From what I know, I need to move it to a Self Directed IRA provider and with that account fund the currency exchange account.

Is this correct? Is there another way of doing this? Another method I came across is to form an LLC, which you start with your Self Directed IRA, then trade currency with that LLC.

Thanks for your inputs.

2007-07-25 14:59:21 · 2 answers · asked by no_mo_names 3 in Business & Finance Investing

2 answers

I looked into doing the exact same thing. There are companies that specialize as custodians and then allow you place the "titled" account in approved investments which include FX.
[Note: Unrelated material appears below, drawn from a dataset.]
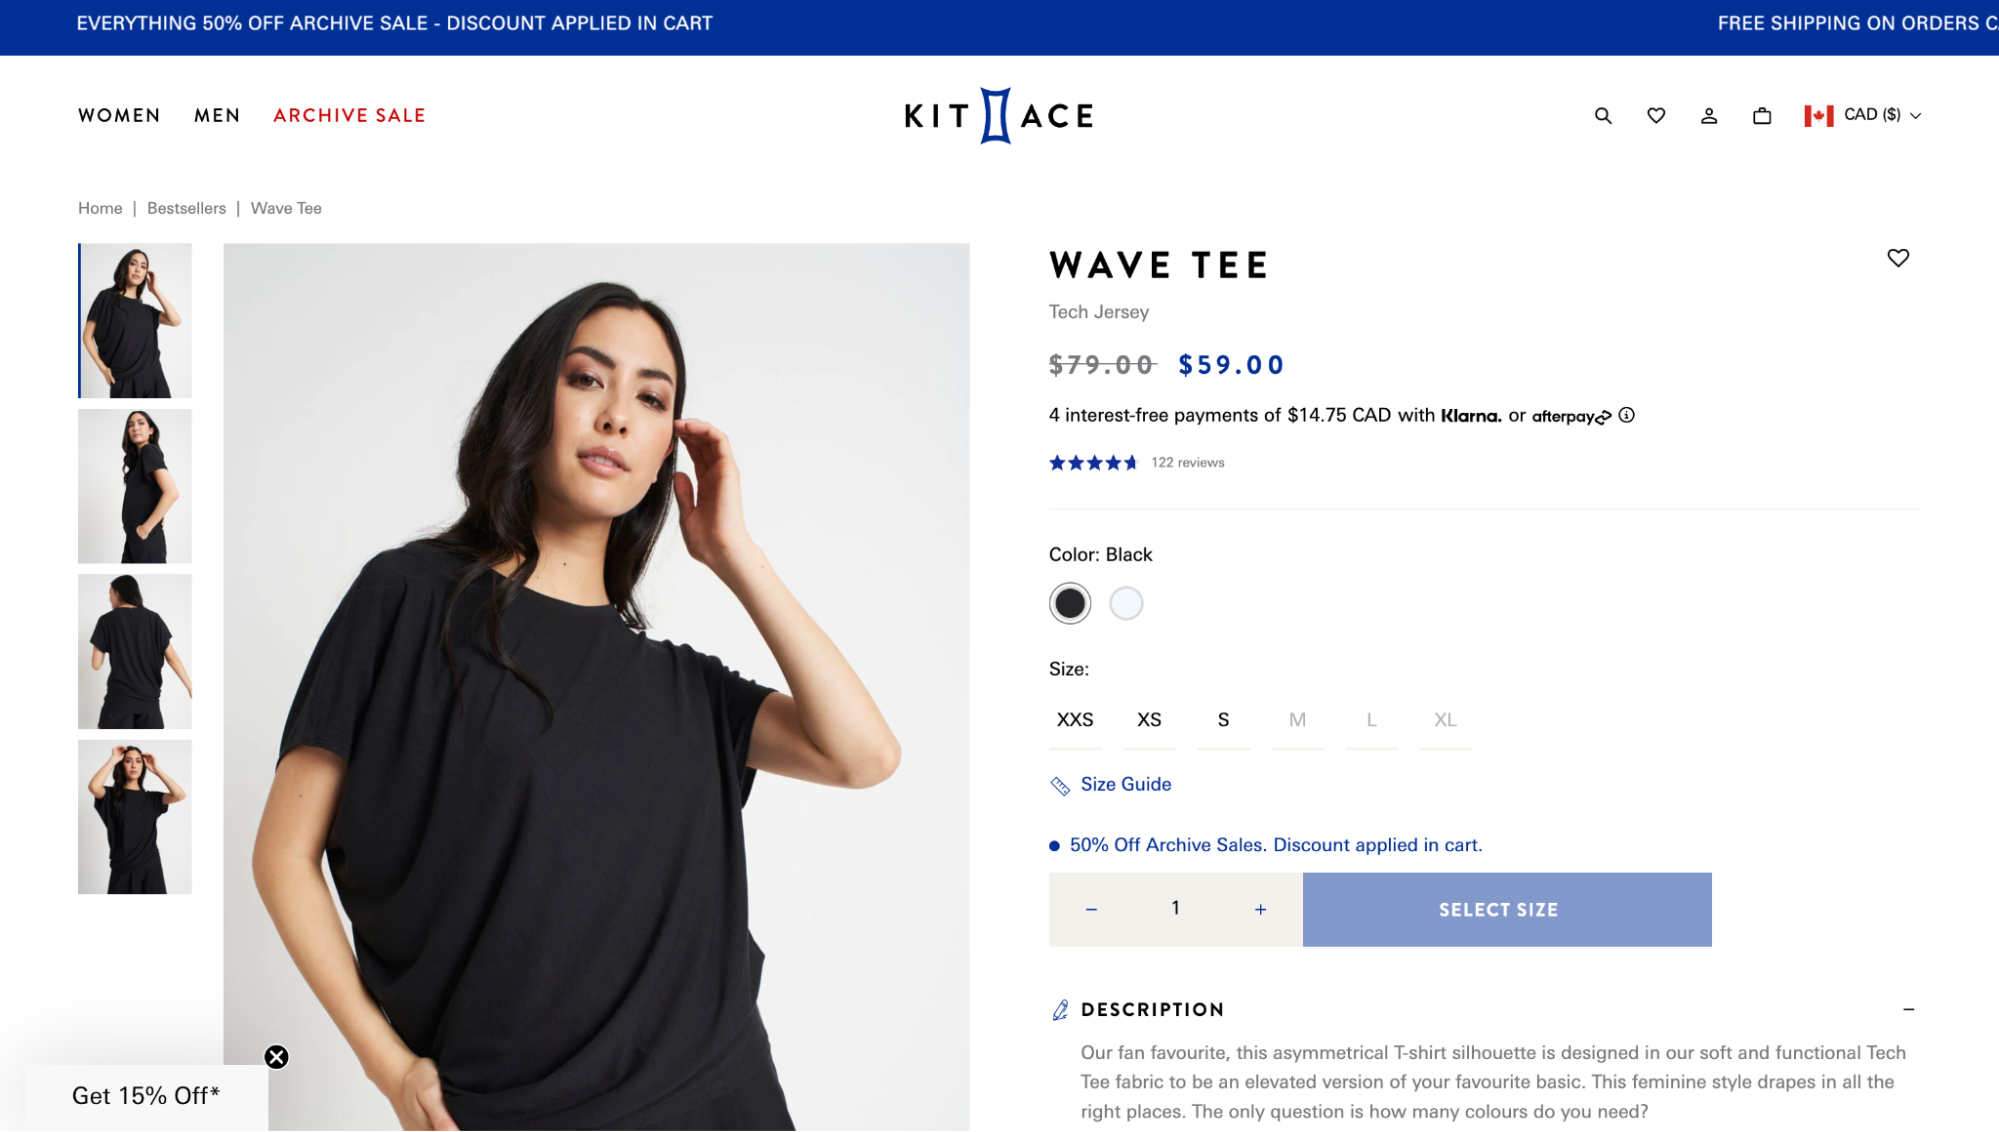 A product page for a t-shirt includes subtle discount incentives in its minimal design.

I remember that it was pretty expensive. I decided to "practice" with my "regular funds". Good thing I did. Lost quite a bit of money. At least it was a tax loss. In an IRA it would not have been.

The average new account in FX blows up in less than three months. I spent 1.5 years before I had to cry uncle. 95% of all newbe's loose large amounts of cash.

Get into FX with a good plan that does not include thinking "how hard could it be". I'd suggest learning for a year before putting 1 cent in.

Good luck!

2007-07-25 16:42:04 · answer #1 · answered by Common Sense 7 · 0 0

A roth ira, you pay the taxes first , then can take the money out long term tax free. A regular ira you don't pay the taxes first, and you get the money out at a later time tax free. Your 401k was a tax free start, so you don't want a roth roll over, you want a self directed regular ira, and yes you want to roll it over because you will have more choices especially if your current 401k has big fees.